# Problem statement
Up to and including the line that contains "FINE BONE CHINA 6 CUP LARGE WHITE TEA POT", return every line from the start of the data, unchanged.

===== Extracted entries

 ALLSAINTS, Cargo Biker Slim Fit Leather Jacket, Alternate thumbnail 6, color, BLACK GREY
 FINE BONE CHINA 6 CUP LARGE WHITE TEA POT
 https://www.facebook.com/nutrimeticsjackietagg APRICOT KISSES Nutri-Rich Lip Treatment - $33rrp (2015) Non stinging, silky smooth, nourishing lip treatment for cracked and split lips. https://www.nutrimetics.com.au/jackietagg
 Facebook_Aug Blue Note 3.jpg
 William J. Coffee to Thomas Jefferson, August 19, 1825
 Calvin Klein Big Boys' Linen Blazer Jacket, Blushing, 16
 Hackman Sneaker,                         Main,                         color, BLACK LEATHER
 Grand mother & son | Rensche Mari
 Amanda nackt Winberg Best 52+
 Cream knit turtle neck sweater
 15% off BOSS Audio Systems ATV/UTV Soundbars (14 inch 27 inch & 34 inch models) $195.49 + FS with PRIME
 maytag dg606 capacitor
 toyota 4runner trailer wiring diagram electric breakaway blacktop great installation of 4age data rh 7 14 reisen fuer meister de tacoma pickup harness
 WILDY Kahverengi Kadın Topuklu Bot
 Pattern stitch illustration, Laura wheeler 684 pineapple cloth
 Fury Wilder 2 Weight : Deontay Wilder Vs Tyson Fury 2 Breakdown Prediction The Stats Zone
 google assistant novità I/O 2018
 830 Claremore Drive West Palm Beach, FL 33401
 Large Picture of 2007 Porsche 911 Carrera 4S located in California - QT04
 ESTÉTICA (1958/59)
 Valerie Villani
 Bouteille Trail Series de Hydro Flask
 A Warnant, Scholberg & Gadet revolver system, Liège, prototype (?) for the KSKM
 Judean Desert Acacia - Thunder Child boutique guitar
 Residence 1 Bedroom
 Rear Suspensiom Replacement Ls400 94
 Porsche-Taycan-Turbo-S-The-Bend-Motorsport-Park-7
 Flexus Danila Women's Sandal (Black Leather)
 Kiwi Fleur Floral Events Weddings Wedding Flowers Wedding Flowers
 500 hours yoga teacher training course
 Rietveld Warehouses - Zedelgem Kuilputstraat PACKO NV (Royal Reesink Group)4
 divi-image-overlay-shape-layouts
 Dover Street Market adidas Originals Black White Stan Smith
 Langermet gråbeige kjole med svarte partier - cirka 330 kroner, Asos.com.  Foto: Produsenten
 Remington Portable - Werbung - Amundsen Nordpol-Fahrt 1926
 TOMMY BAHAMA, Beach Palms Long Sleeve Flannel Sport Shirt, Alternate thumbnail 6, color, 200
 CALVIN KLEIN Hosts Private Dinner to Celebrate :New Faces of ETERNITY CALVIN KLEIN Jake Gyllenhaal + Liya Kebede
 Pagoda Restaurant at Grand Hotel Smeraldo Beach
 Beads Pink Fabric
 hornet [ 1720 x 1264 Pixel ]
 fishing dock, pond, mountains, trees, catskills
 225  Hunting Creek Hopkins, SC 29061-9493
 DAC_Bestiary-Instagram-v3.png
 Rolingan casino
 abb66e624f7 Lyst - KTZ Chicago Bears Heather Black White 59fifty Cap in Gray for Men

==========

# The completed task
 ALLSAINTS, Cargo Biker Slim Fit Leather Jacket, Alternate thumbnail 6, color, BLACK GREY
 FINE BONE CHINA 6 CUP LARGE WHITE TEA POT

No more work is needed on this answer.